[Stored items from a collection]
%%

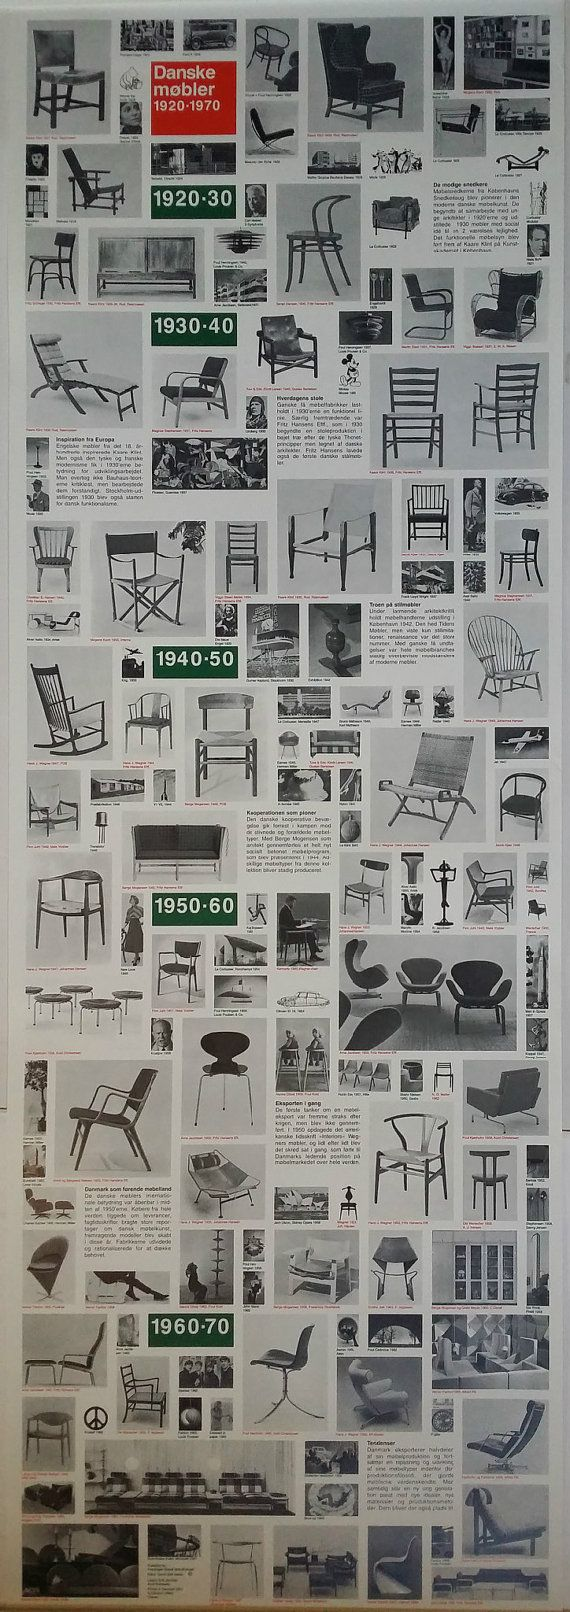 1970s Danish Designer Furnitures 1920-1970 - Original Vintage Posters
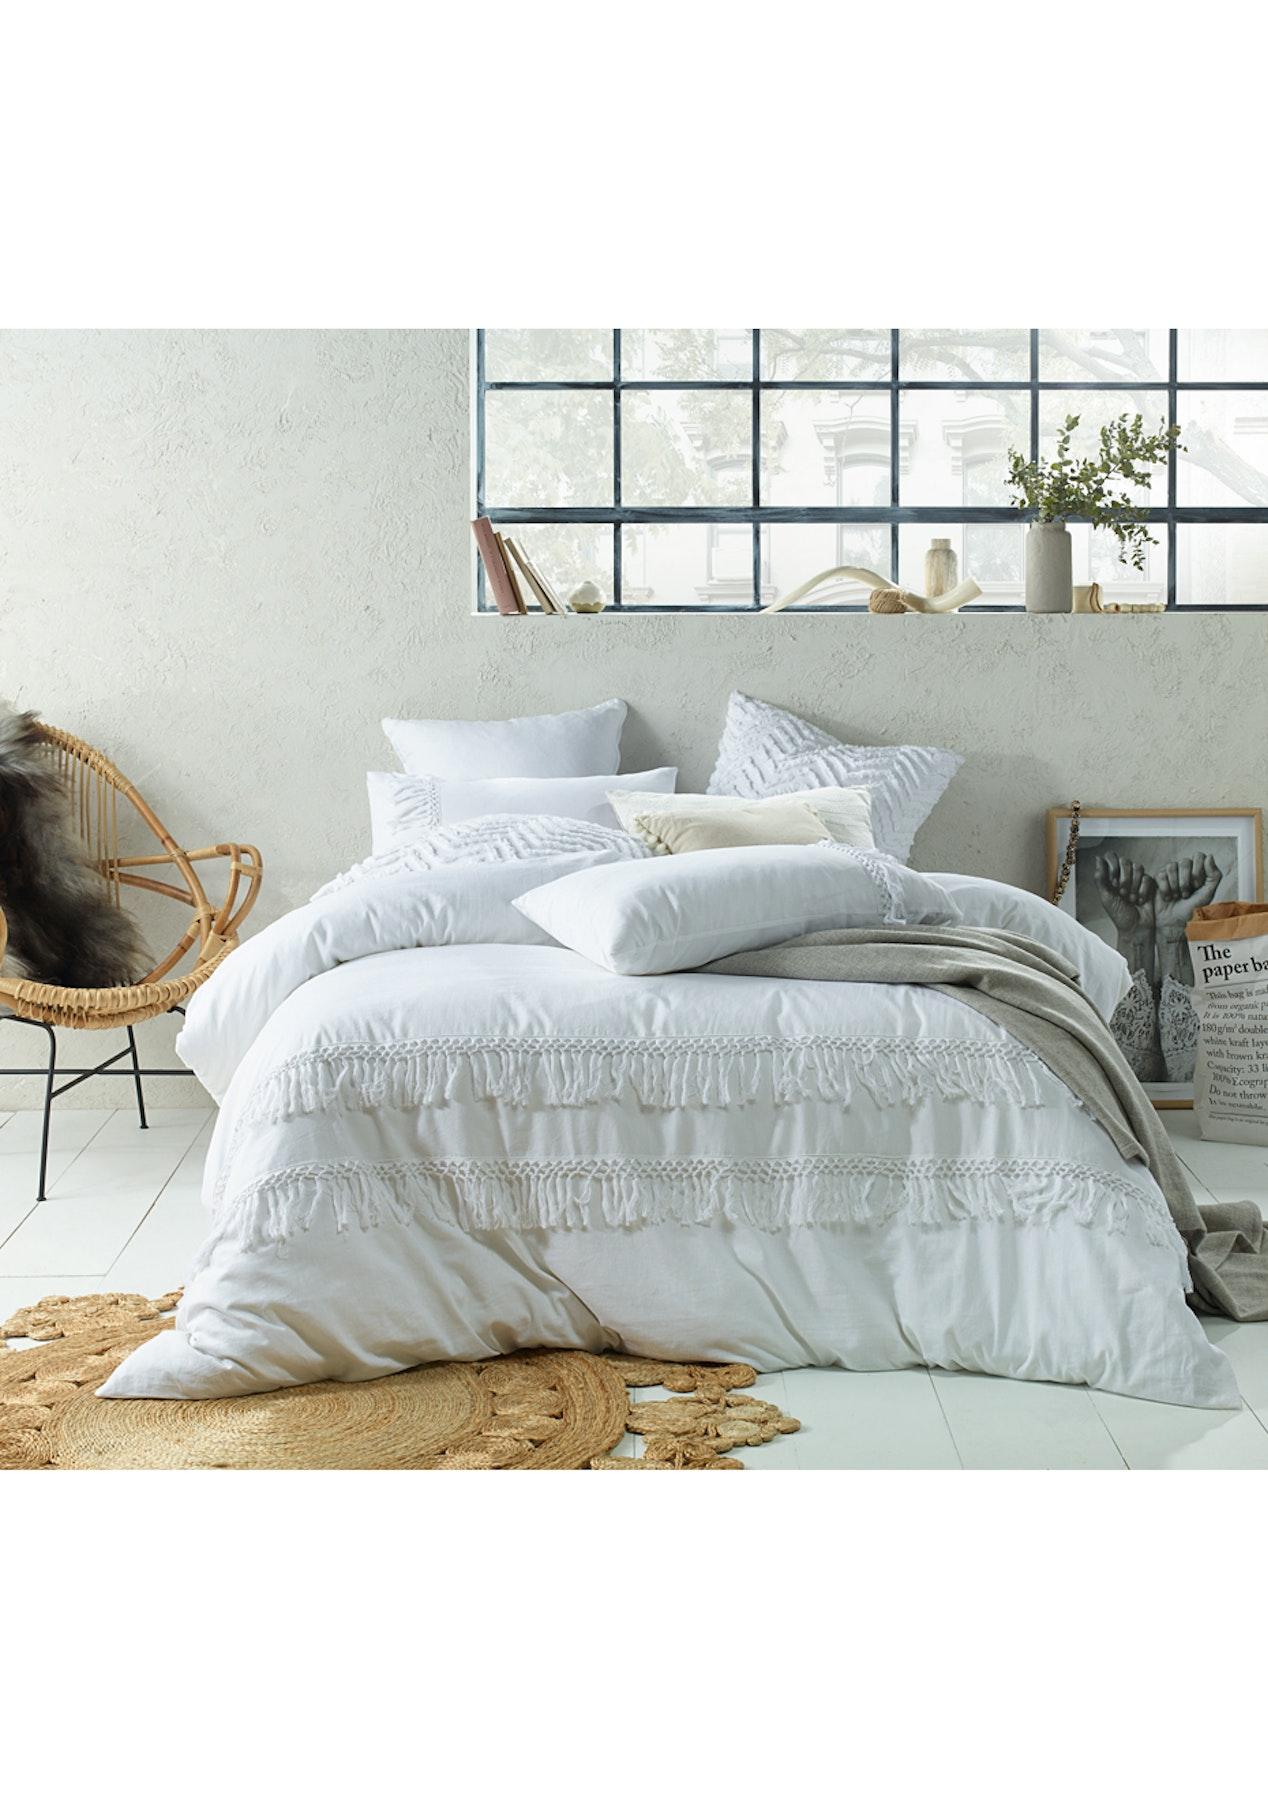 linen home dp com amazon kitchen coal duvet queen duvets washed cover
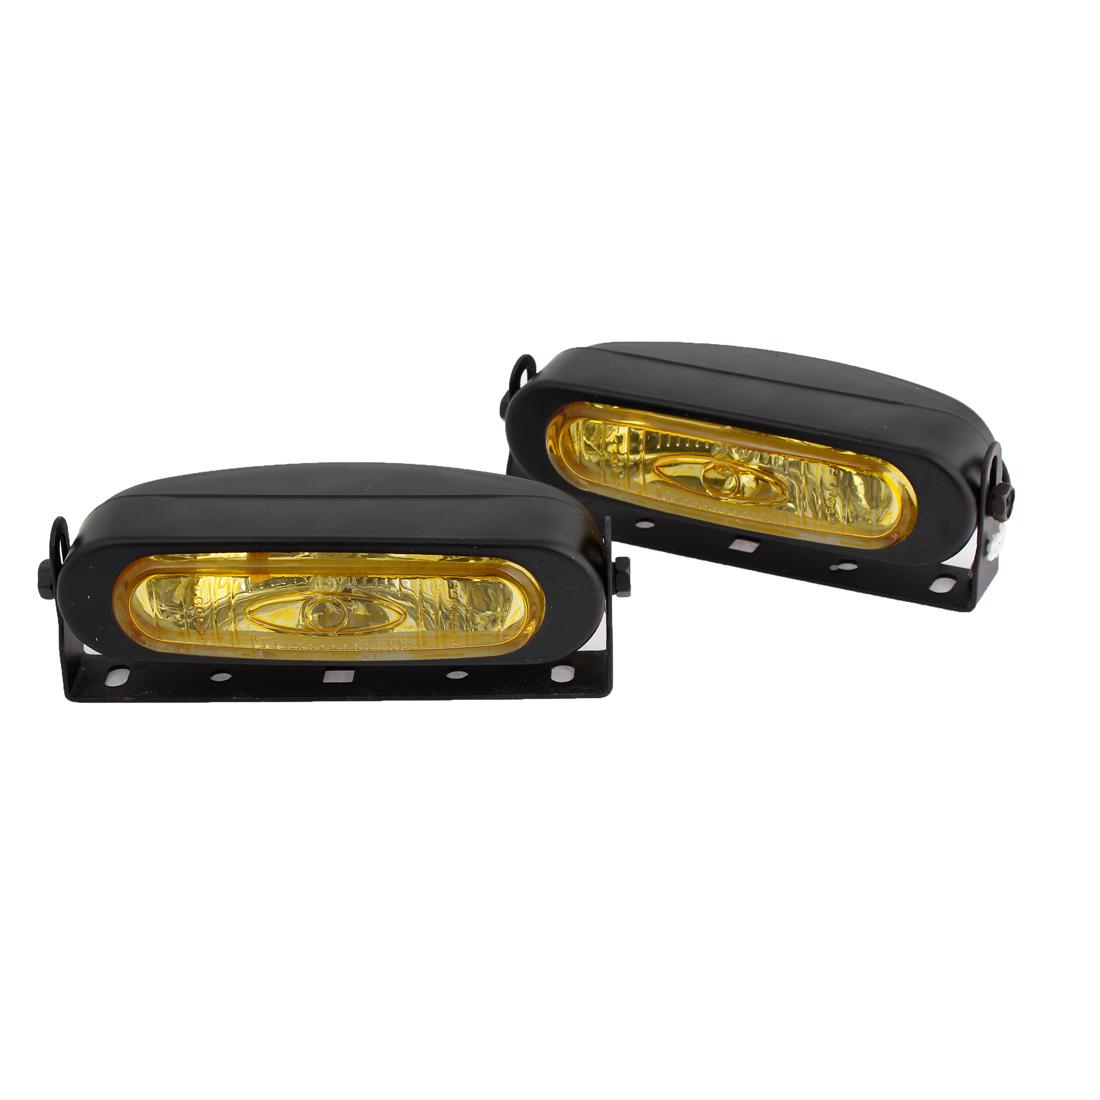 2 Pcs Black Yellow Casing H3 Yellow Light Fog Halogen Lamp Headlamp 55W DC 12V
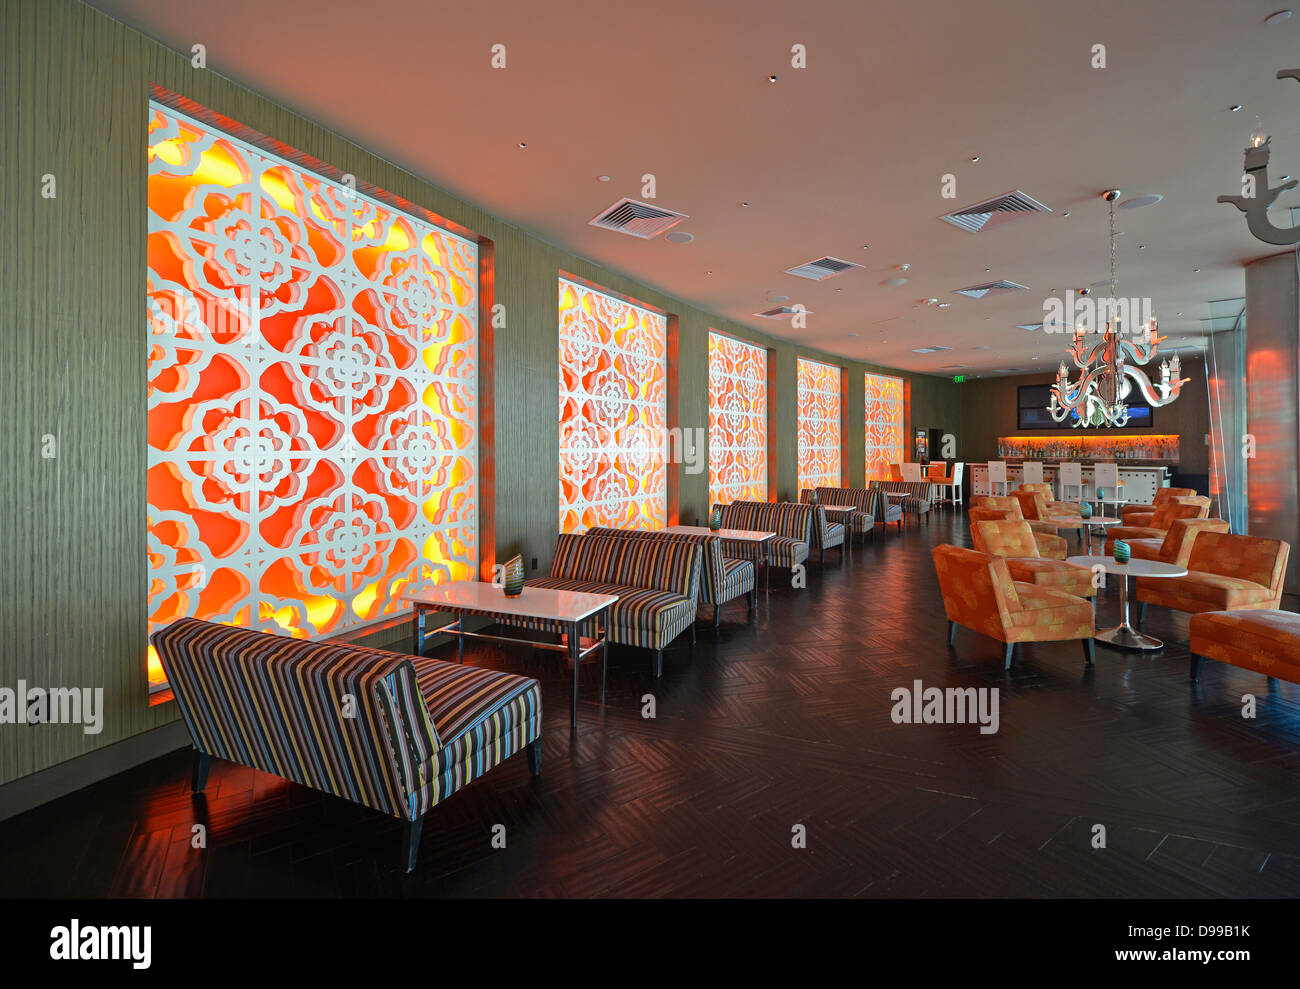 restaurant and bar retro look riviera resort spa hotel palm stock photo royalty free image. Black Bedroom Furniture Sets. Home Design Ideas
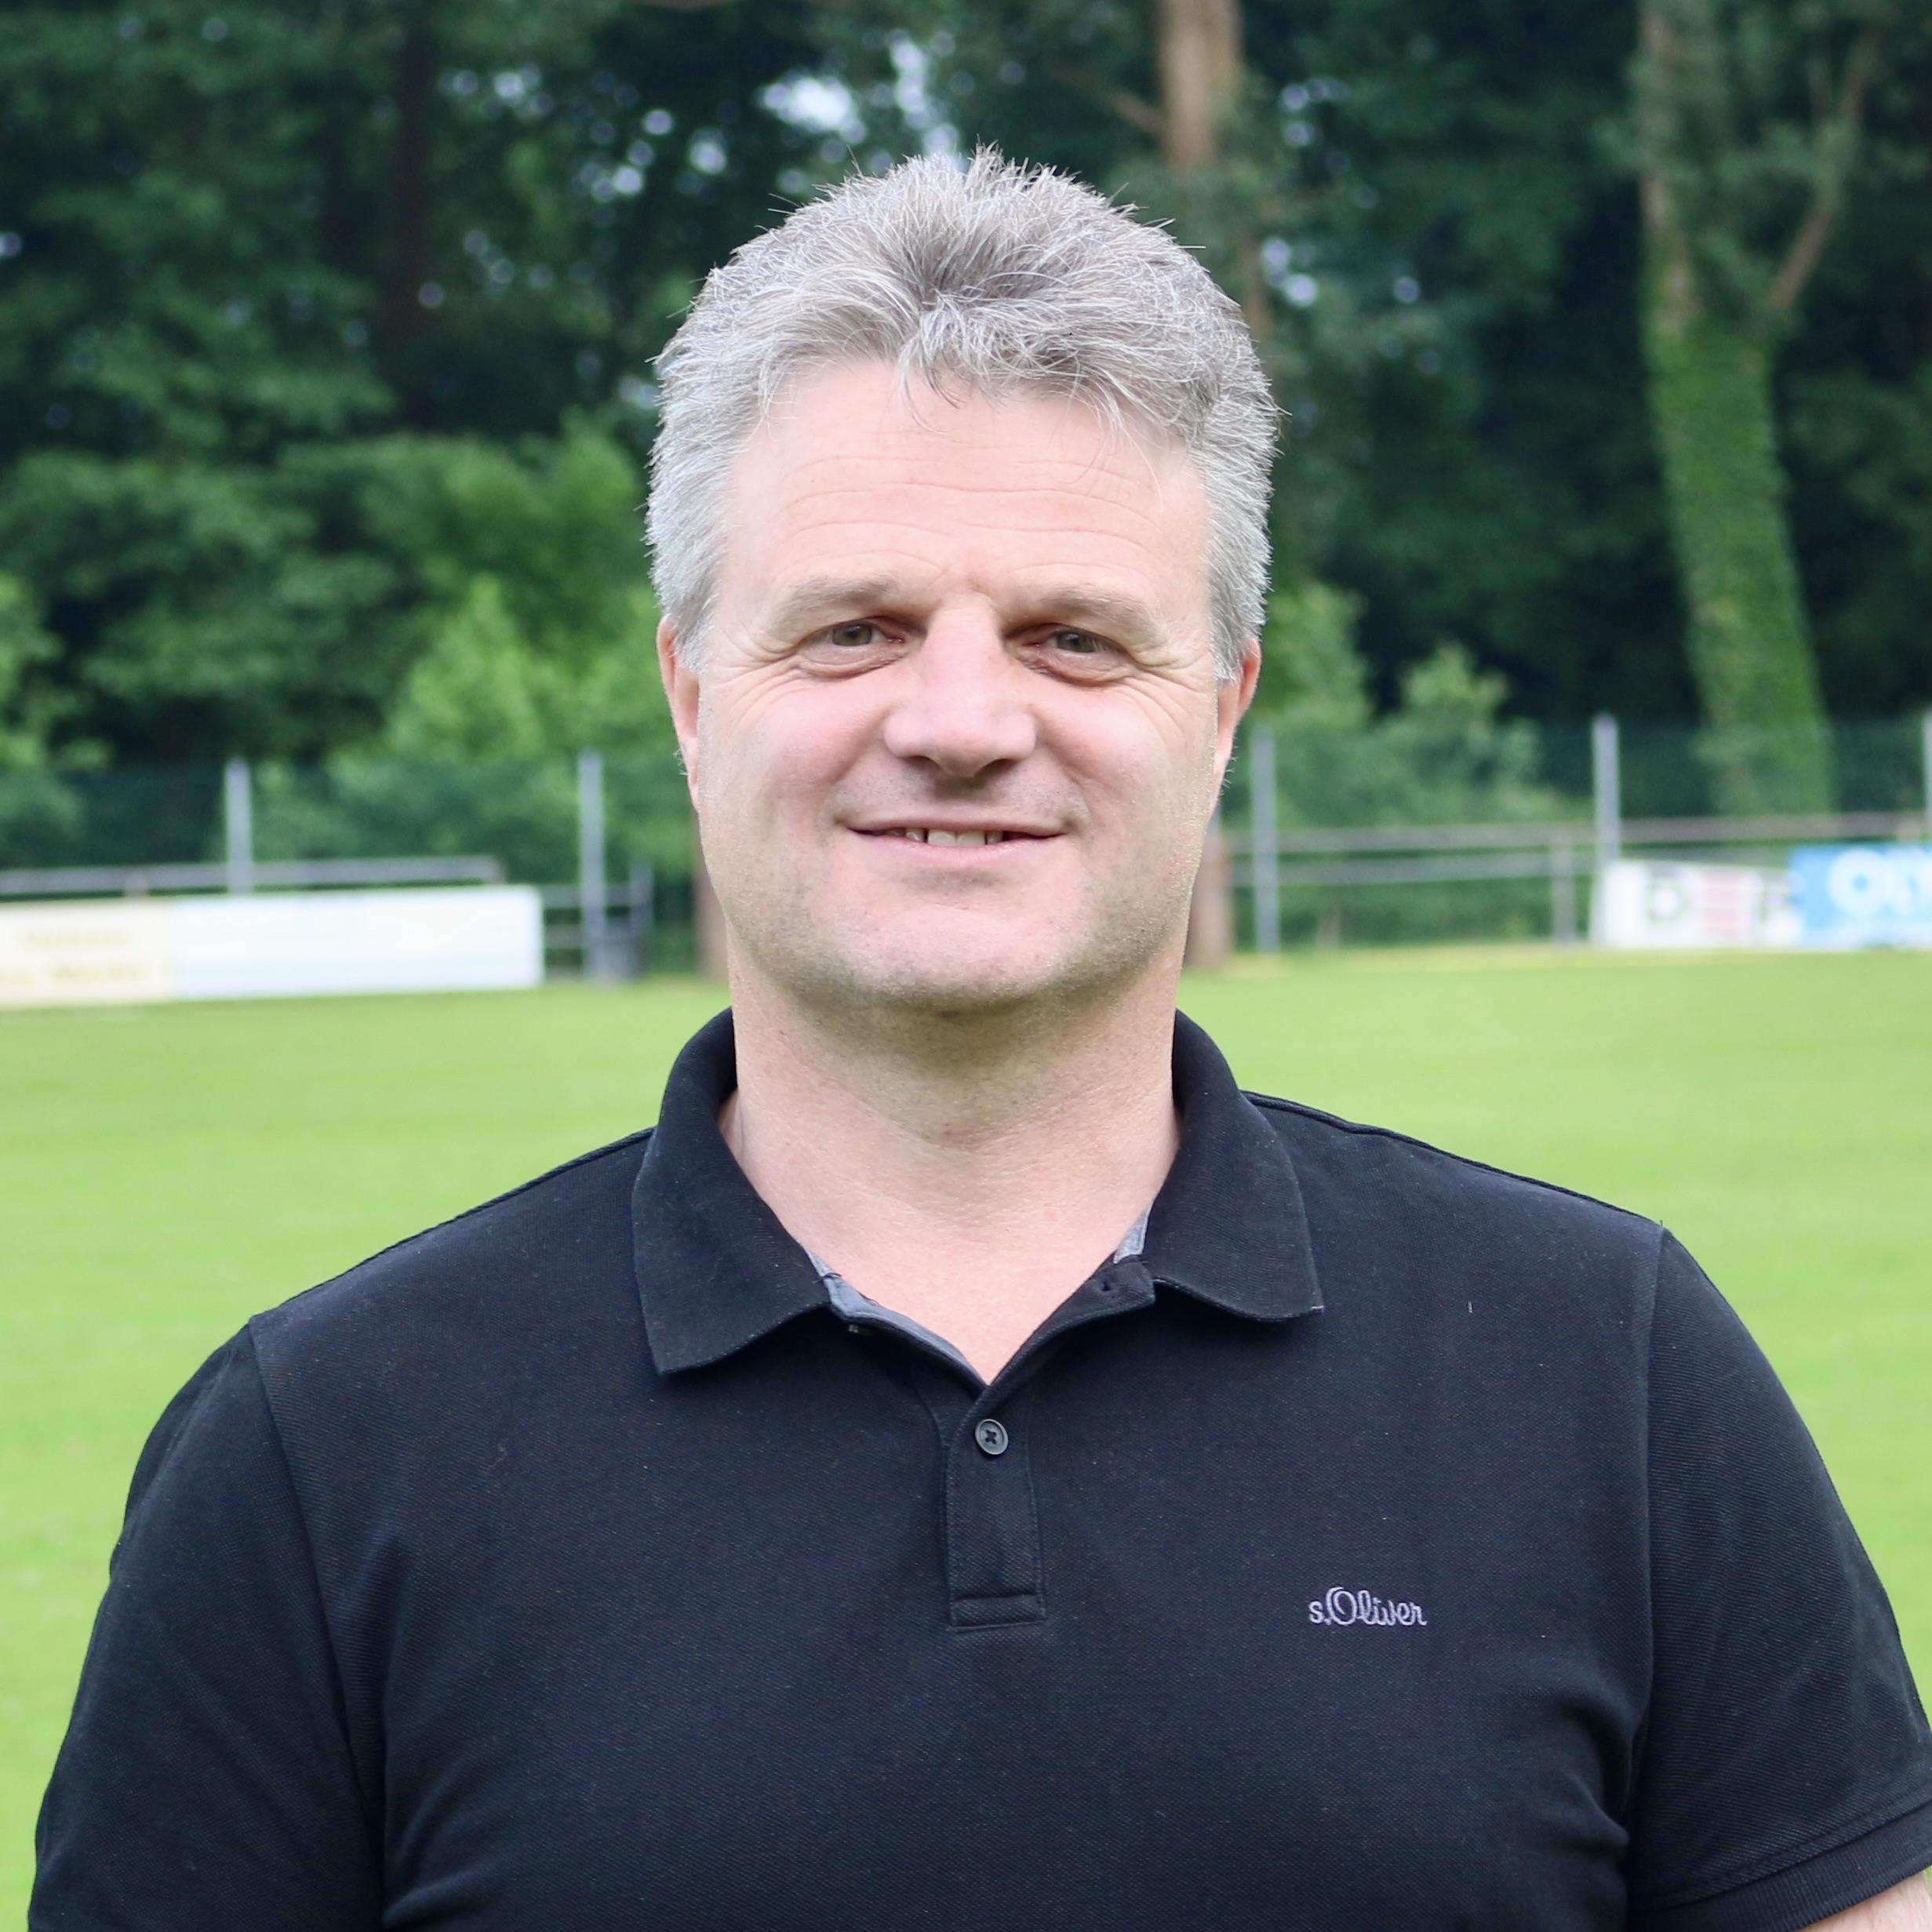 Jürgen Kuite

%%

What is required:
Excluding pictures, copy exactly the lines from the line containing "restaurant and bar" through the last line of the data, inclusive.

Task answer:
 restaurant and bar retro look riviera resort spa hotel palm stock photo royalty free image. Black Bedroom Furniture Sets. Home Design Ideas
 Jürgen Kuite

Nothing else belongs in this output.